Fig. 3: Responsible connections in generating the evoked response in model 2. In both i and ii, sv.4667 and mv.2011a were used for the same set of data but OS was different: i) Windows 7 and ii) Linux. The pulse acts as the input to the model.
b) Data from the SPM website: Similar analyses were performed on a publicly available EEG dataset in SPM website . This dataset is called the mismatch negativity (MMN) dataset and the EEG is recorded in response to similar stimuli as were used in the current research. More information about this dataset can be obtained from . The data was already pre-processed so no further pre-processing was applied to the data. Model 4 of Figure 1 was used to initialise the DCM algorithm. All interactions were assumed connected in this model except for lateral connections between RA and LA to be consistent with . The input pulse was defined to occur around 60ms after the onset. Other initialisation steps were the same as described in section III.D except that the baseline condition was the averaged 1 kHz response. To analyse the data with DCM, the SPM version and the OS were kept the same but the MATLAB version was changed. Once again, different responsible connections were obtained for the same model and the same set of data. The results of these analyses can be seen in Figure 4.
Fig. 4: Responsible connections in generating the evoked response in model 4 for MMN dataset available in SPM website. In both i and ii, sv.4667 and Windows 7 were used but the MATLAB version was different: i) mv.2011a and ii) mv.2012a. The pulse acts as the model input.
Possible reasons behind the variation in results could include different precision of the MATLAB version or the OS or different numbers of computation loops or slightly different estimation algorithms in various versions of SPM.
Another possible explanation for the differing results might be that different versions of the software use different random initialisation values, but the same values are used in each repeat when using the same software setup. While this would be surprising, it does raise questions regarding the robustness of the algorithm. Furthermore, no mention appears to have been made in the documentation that random steps are used in the algorithm or could cause different results.

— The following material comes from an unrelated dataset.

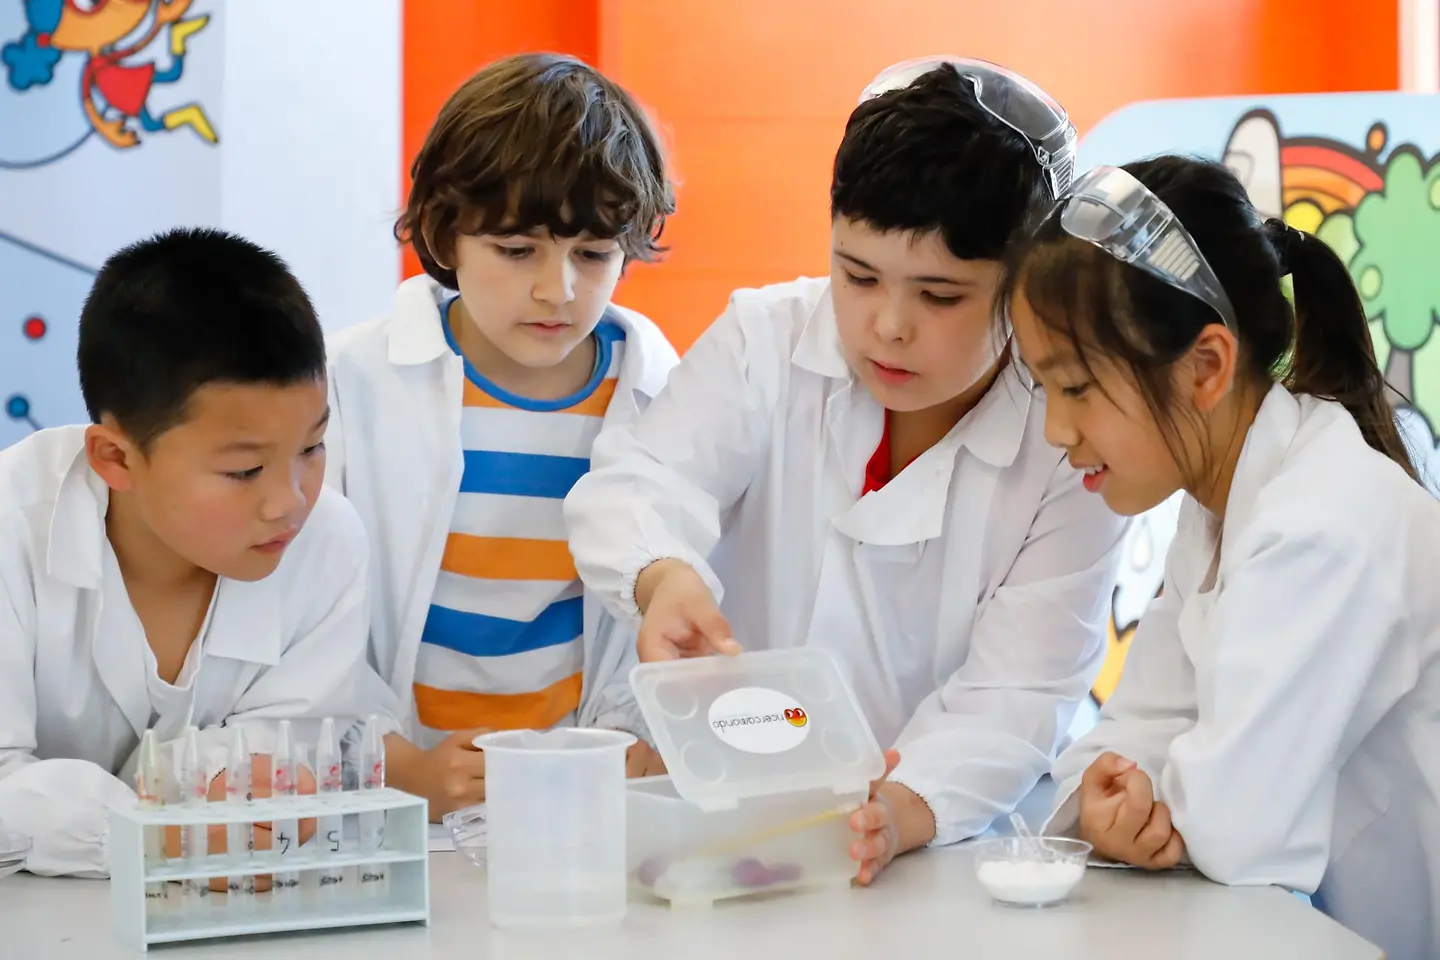 A ricercamondo i bambini diventano ricercatori per un giorno e lavorano con gli strumenti di un vero laboratorio scientifico

The current results clearly do not prove that connectivity measures derived from DCM are always unreliable. However, one example showing clear evidence of a lack of robustness raises the possibility of misleading results. To probe this a little further, a second example was tested, using the data made available by the developers of the toolbox. This also indicated large inconsistencies when different versions of the software were used.

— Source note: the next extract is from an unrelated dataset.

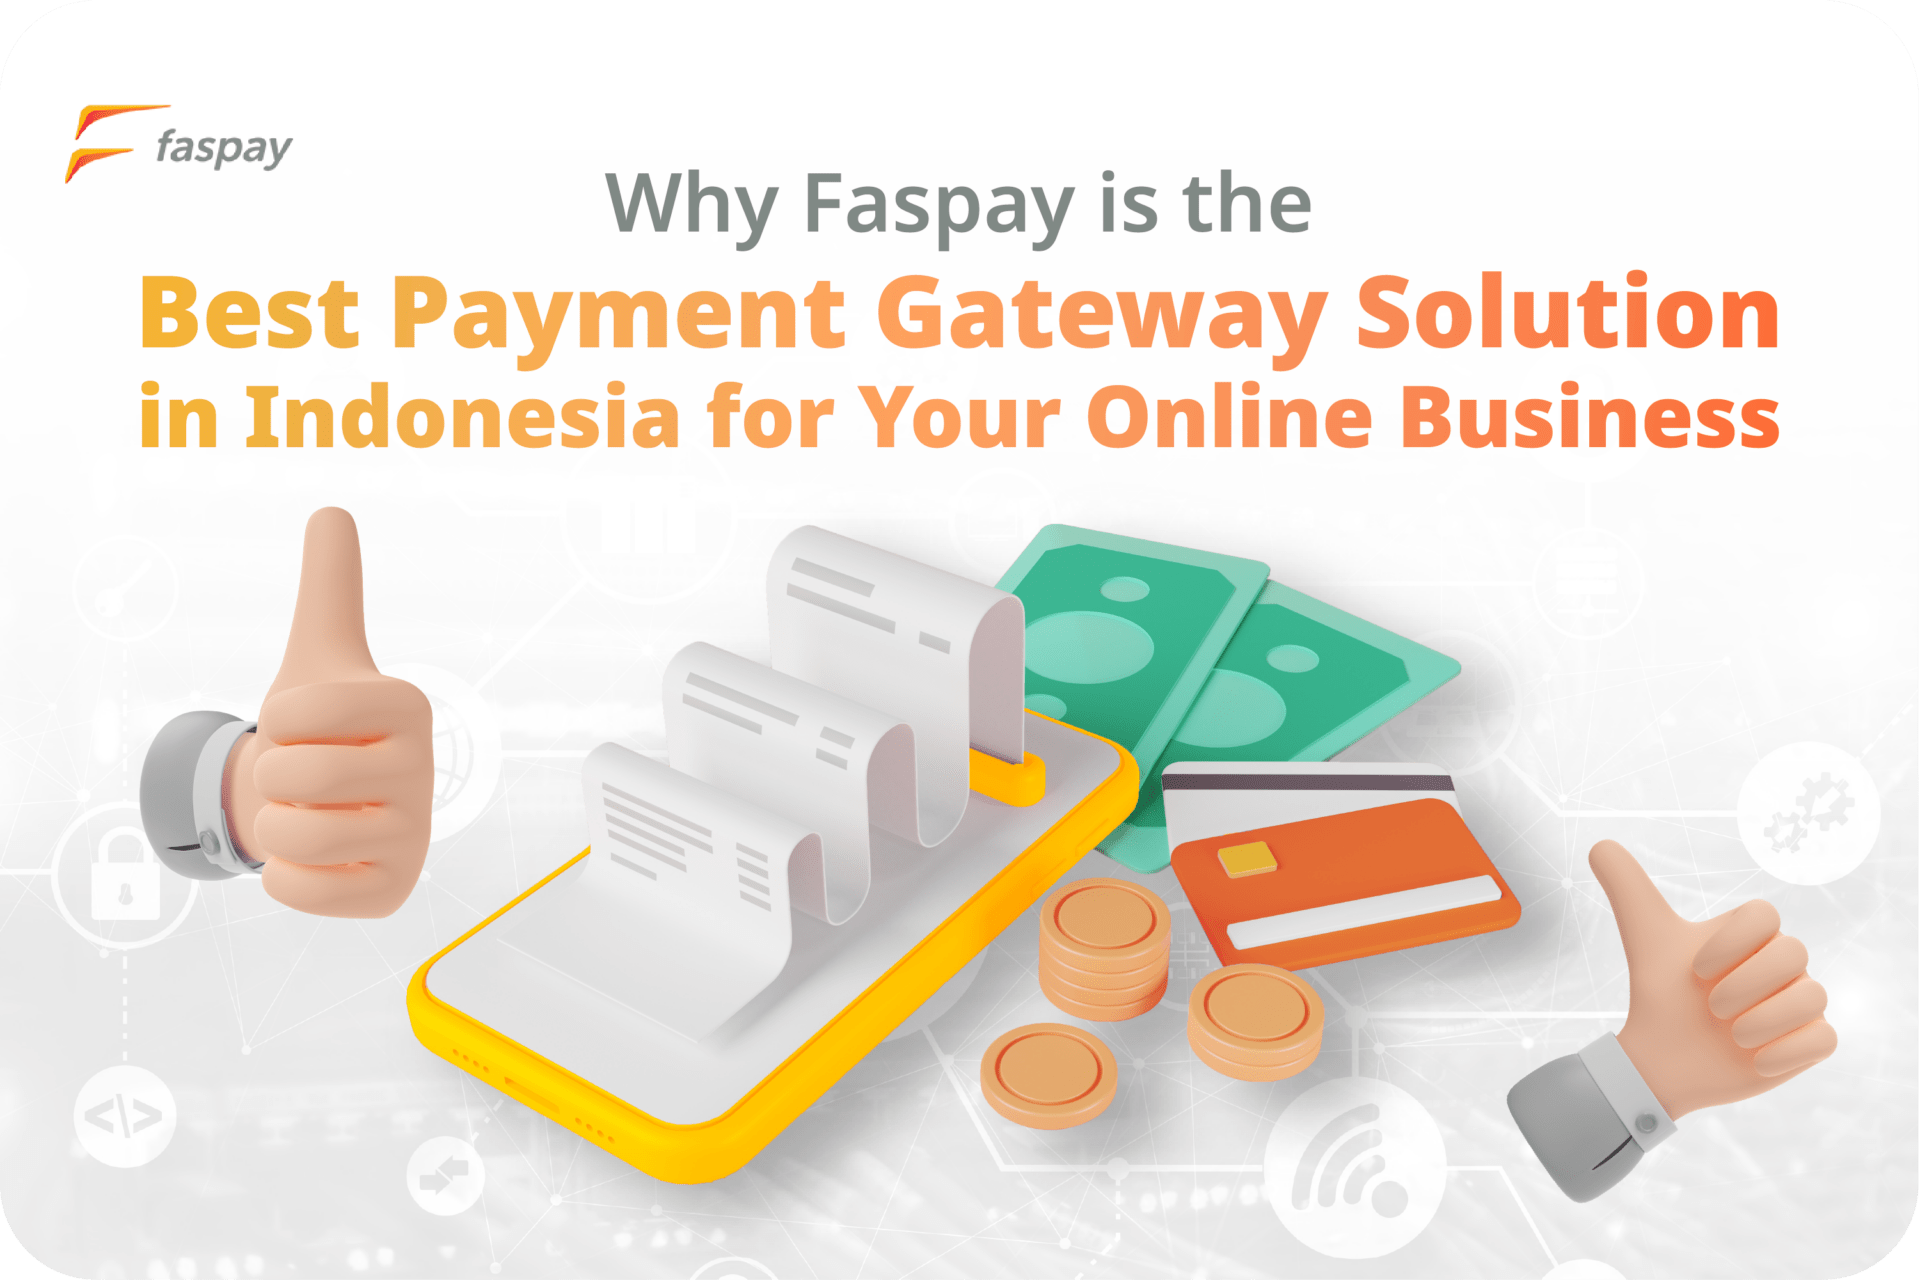 Best Payment Gateway

It is not yet known what generates this variability in the results but whatever the reason is, caution should be employed in the interpretation of results of DCM using the SPM toolbox.
It is shown for the first time in this paper that the results of estimating DCM parameters using SPM toolbox can vary greatly depending on the version of MATLAB or SPM, or the OS being used. This was observed in auditory evoked potentials and also test data provided on the SPM website: the responsible connections of DCM estimation algorithm may differ considerably if the version of MATLAB or SPM, or the operating system changes. It is thus suggested that the SPM toolbox should be used cautiously when implementing DCM.